Oil sheds gains as U.S. data dents bullish mood
Oil lost all its gains to trade around $80.50 after data showed the U.S. economy grew less briskly than expected last quarter and a plan to give Greece a safety net failed to quell concerns any recovery was fragile.
You had the GDP revised lower and there's still concern about the euro and the euro zone economy, said Richard Ilczyszyn, senior market strategist at Lind-Waldock in Chicago.
The U.S. economy expanded at a 5.6 percent annual rate instead of the 5.9 percent originally estimated, the Commerce Department said in its final report for the fourth quarter, albeit still at the fastest pace in nearly seven years.
U.S. consumer sentiment ended unchanged in March from February, with high unemployment and tougher credit standards hanging over the consumer, according to Thomson Reuters/University of Michigan's Surveys of Consumers.
U.S. crude for May delivery was up 1 cent at $80.54 per barrel by 1431 GMT (10:31 a.m.
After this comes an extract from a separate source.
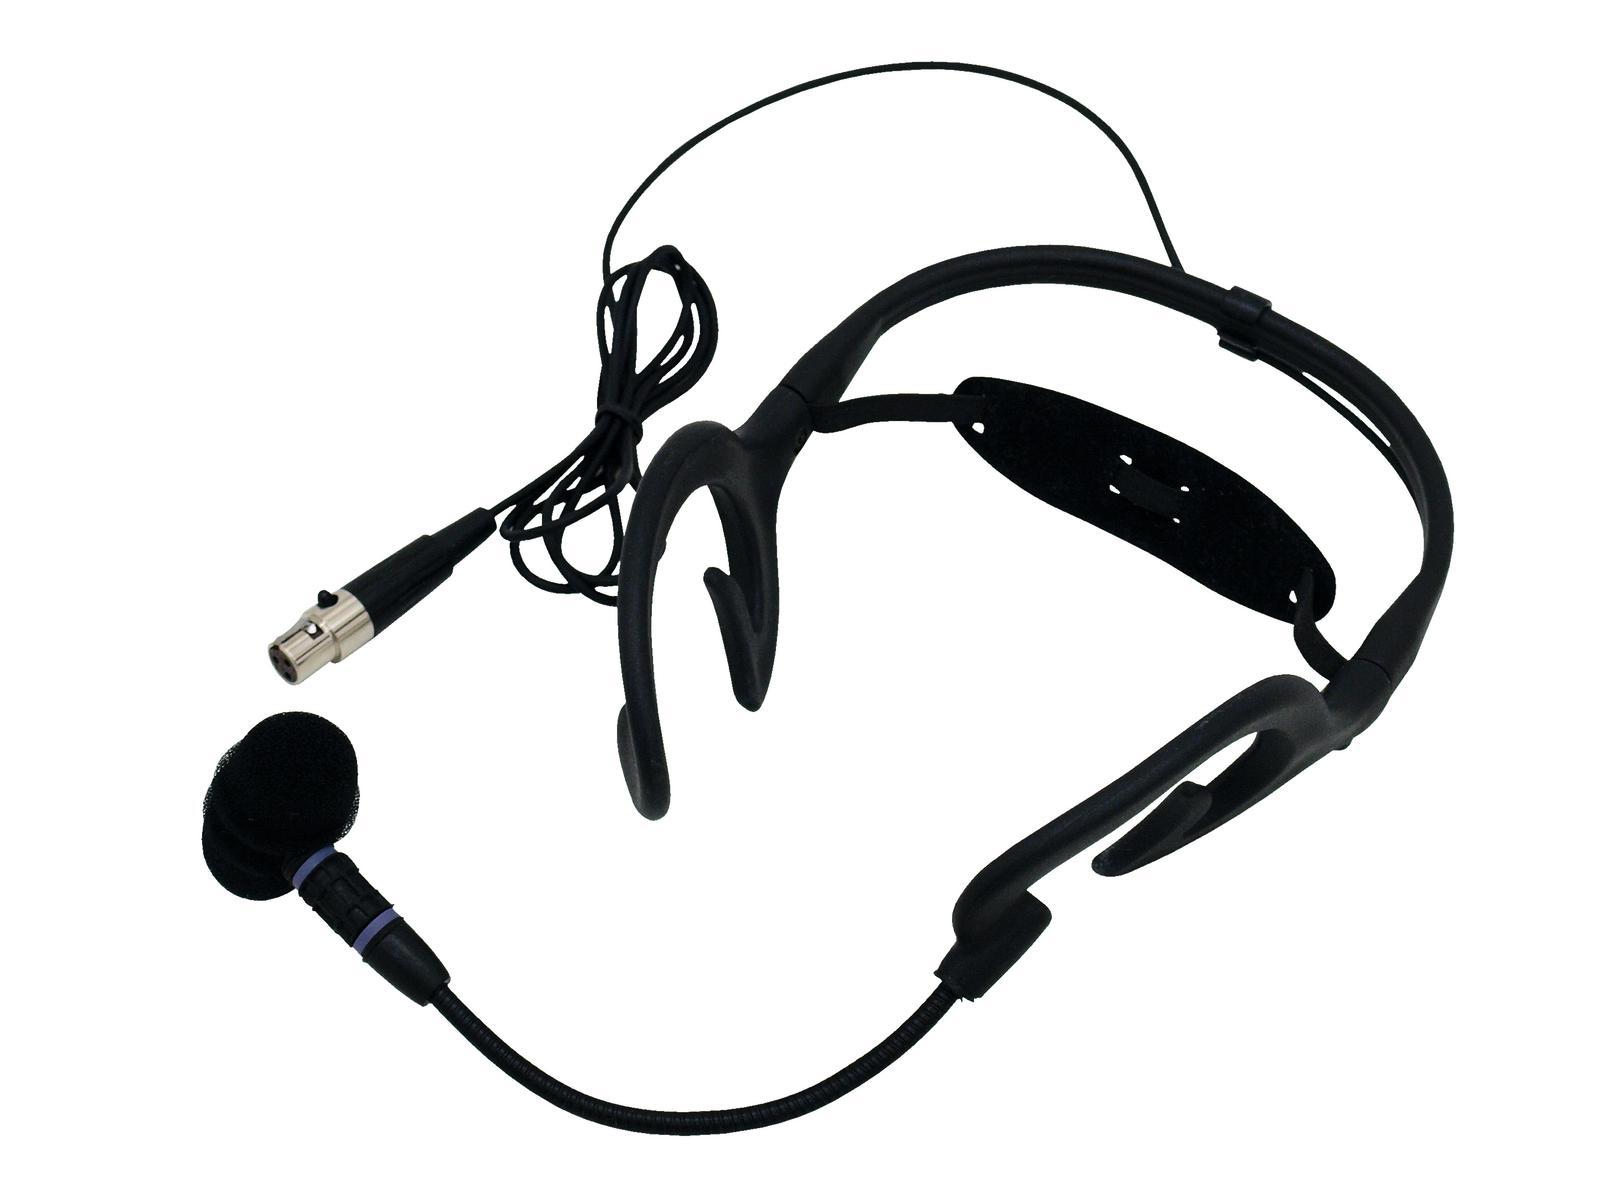 OMNITRONIC HS-1000 XLR microfono Arco Archetto

EDT) after trading between $79.59 and $81.46. ICE Brent briefly gained more than $1 to touch a high of $80.68 before slipping back to be up 29 cents at $79.90. It hit a low of $78.77 per barrel earlier in the session.
SUPPLY HANGOVER
The U.S. economic data comes after a build up in crude stocks in the country, reported earlier this week, put pressure on oil prices.
This week's hangover from the ... supply inflows is now acting as a background anchor on price action, despite the overnight bounce in the euro, said Mike Guido at Macquarie.
The euro rose broadly after euro zone leaders agreed on a safety net for Greece but the plan did not alleviate longer-term worries about fiscally vulnerable economies in the region.
The European cacophony is not over, Olivier Jakob at Petromatrix said in a note. Trading in (U.S. crude futures) is likely to be dominated again by reaction to the ... plan for Greece, he added.
Carsten Fritsch at Commerzbank said financial investors were stepping into the market around $80 as they bet on a rise in demand led by Asia, supported by tentative signs of recovery in the United States as product stockpiles declined.
But the fundamental supply and demand picture remained weak, he added, providing a likely cap of around $83 on prices.
There's still a risk of a large oversupply in the second quarter leading to a further build in stocks, he said, given a rise in U.S. crude oil inventories and signs that OPEC pumped even more oil in the four weeks to April 10.